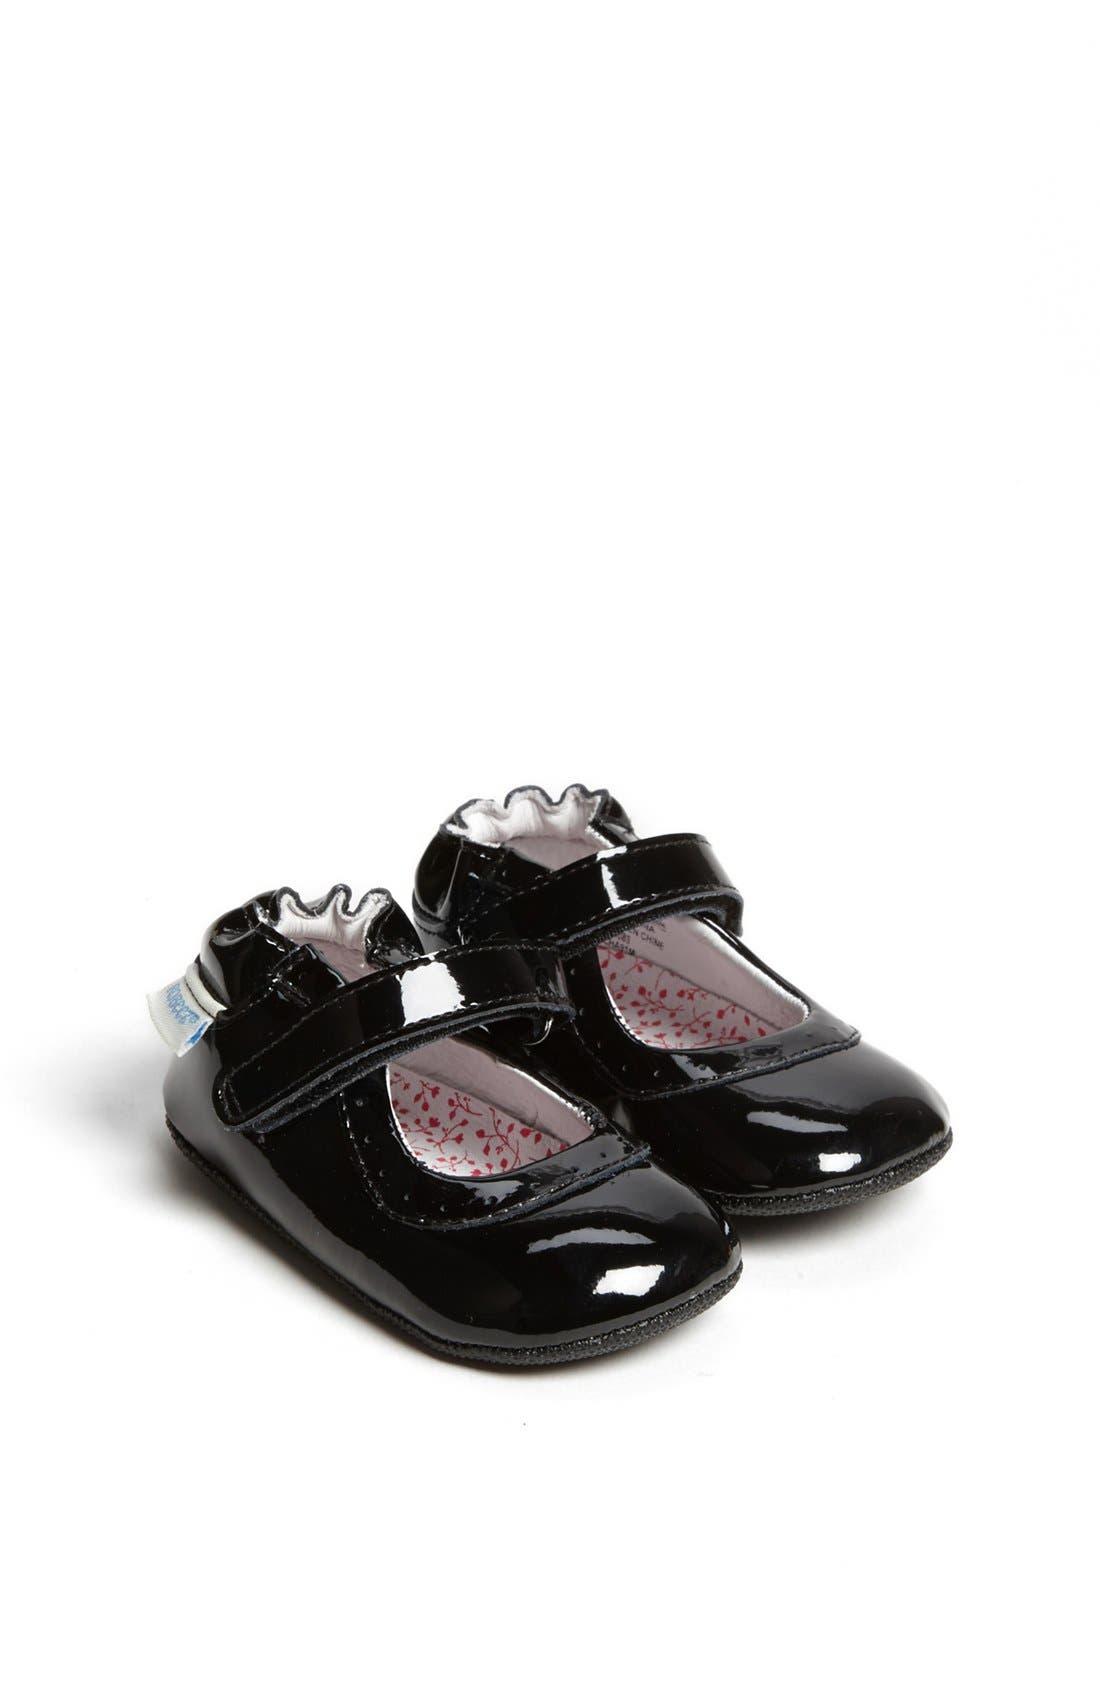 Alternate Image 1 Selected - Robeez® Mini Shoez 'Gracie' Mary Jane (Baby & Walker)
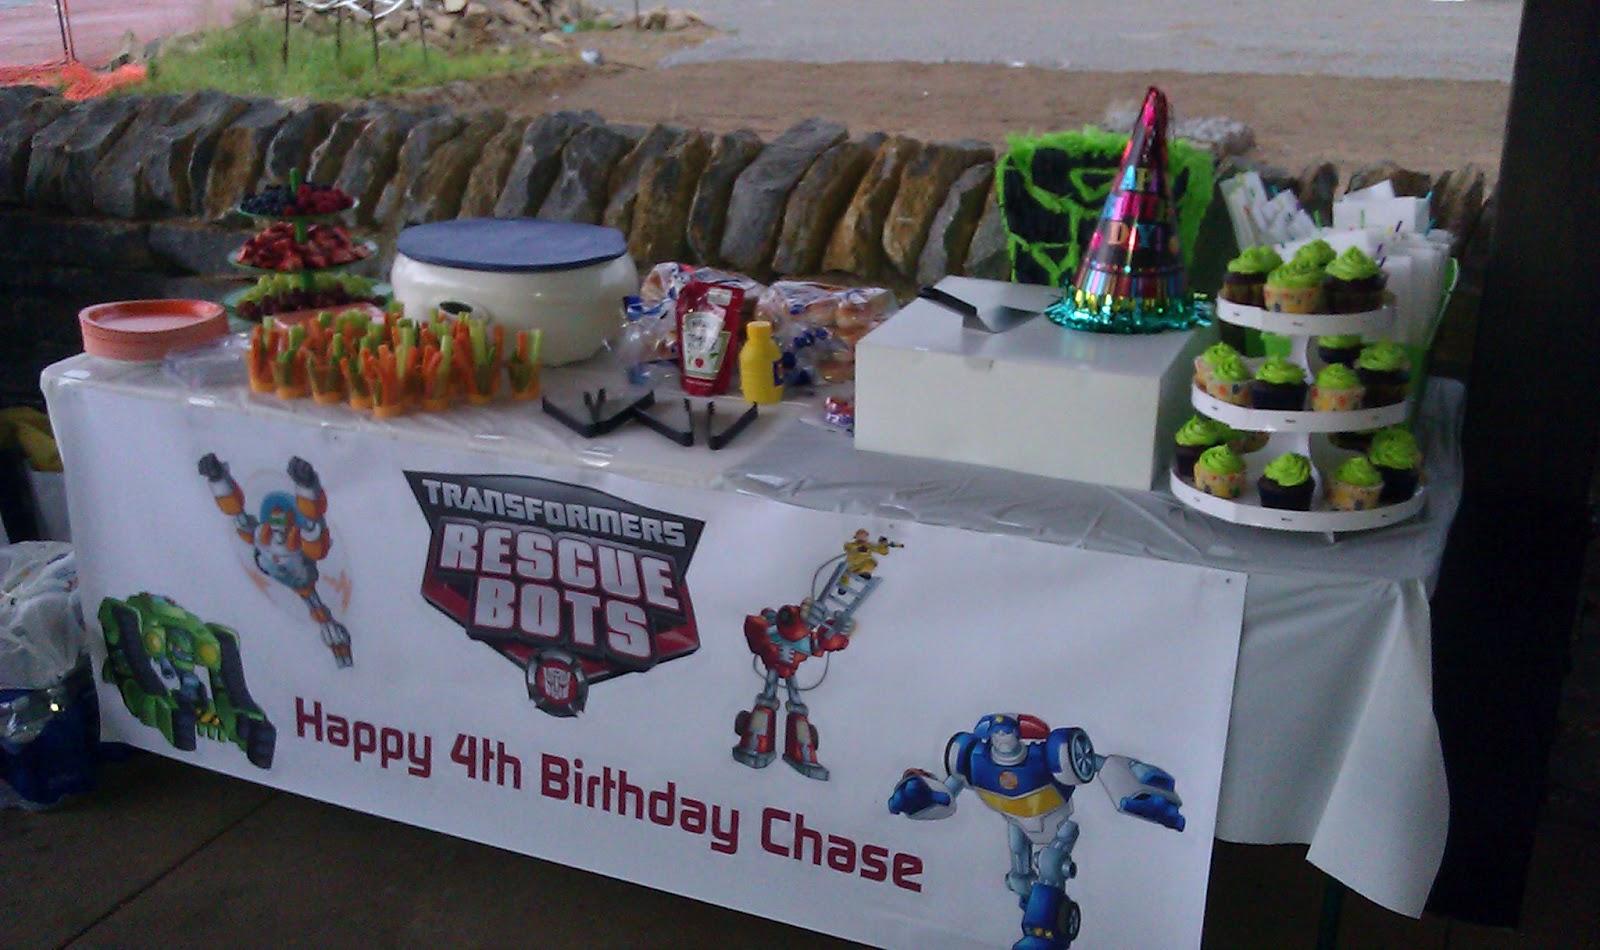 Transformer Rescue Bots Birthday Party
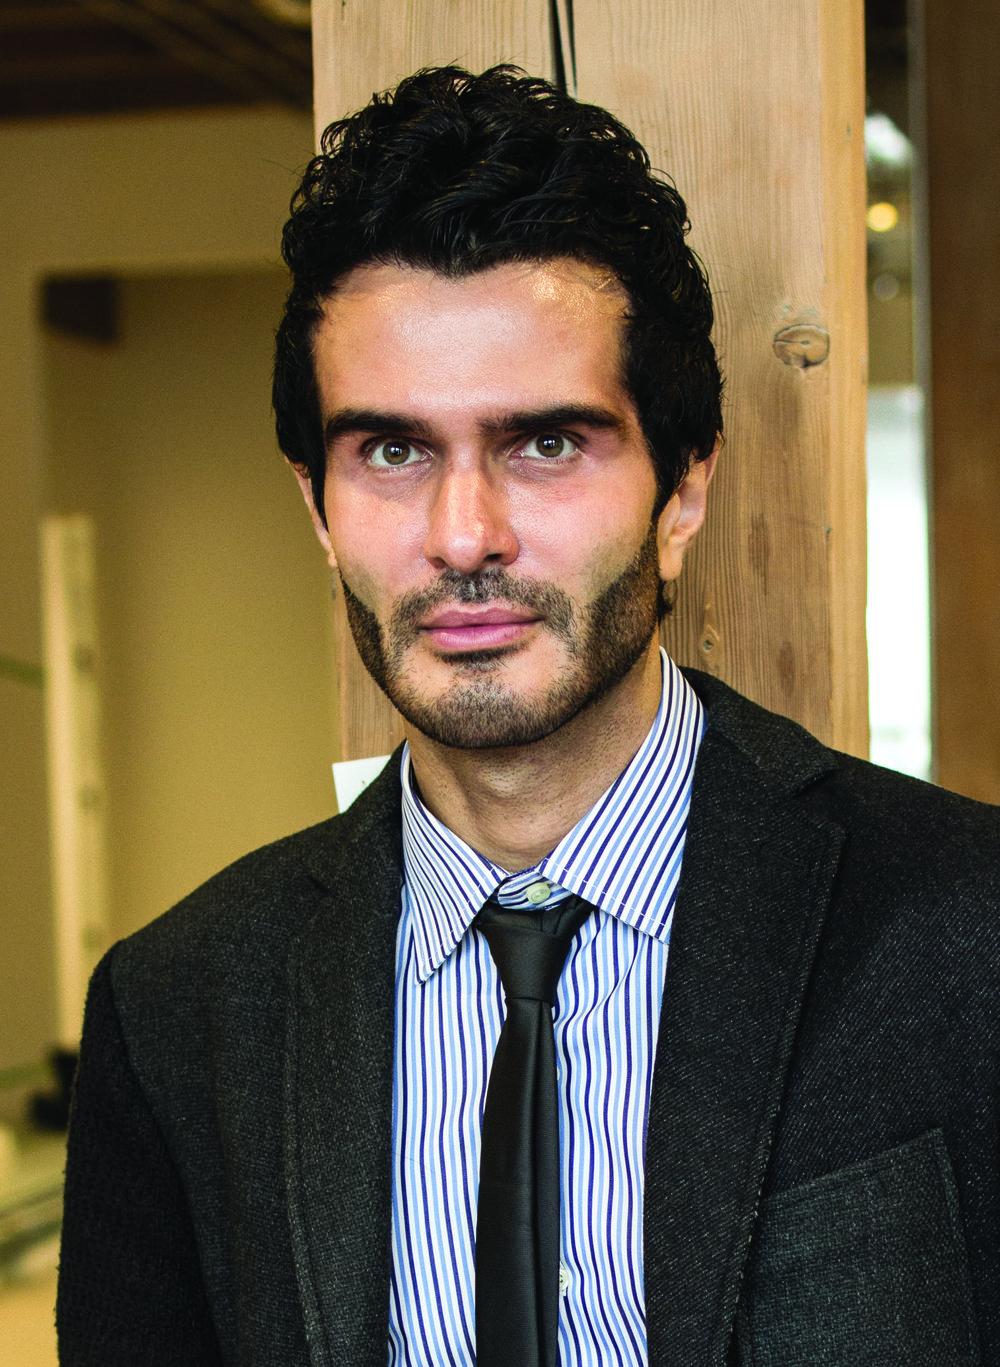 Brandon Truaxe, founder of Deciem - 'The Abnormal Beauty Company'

══════

WHAT IS NEEDED: Beginning with the line that contains "Transformer Rescue Bots Birthday Party" and ending with the final line of the listing, return each line exactly. Omit all pictures.

EXERCISE SOLUTION:
 Transformer Rescue Bots Birthday Party
 Brandon Truaxe, founder of Deciem - 'The Abnormal Beauty Company'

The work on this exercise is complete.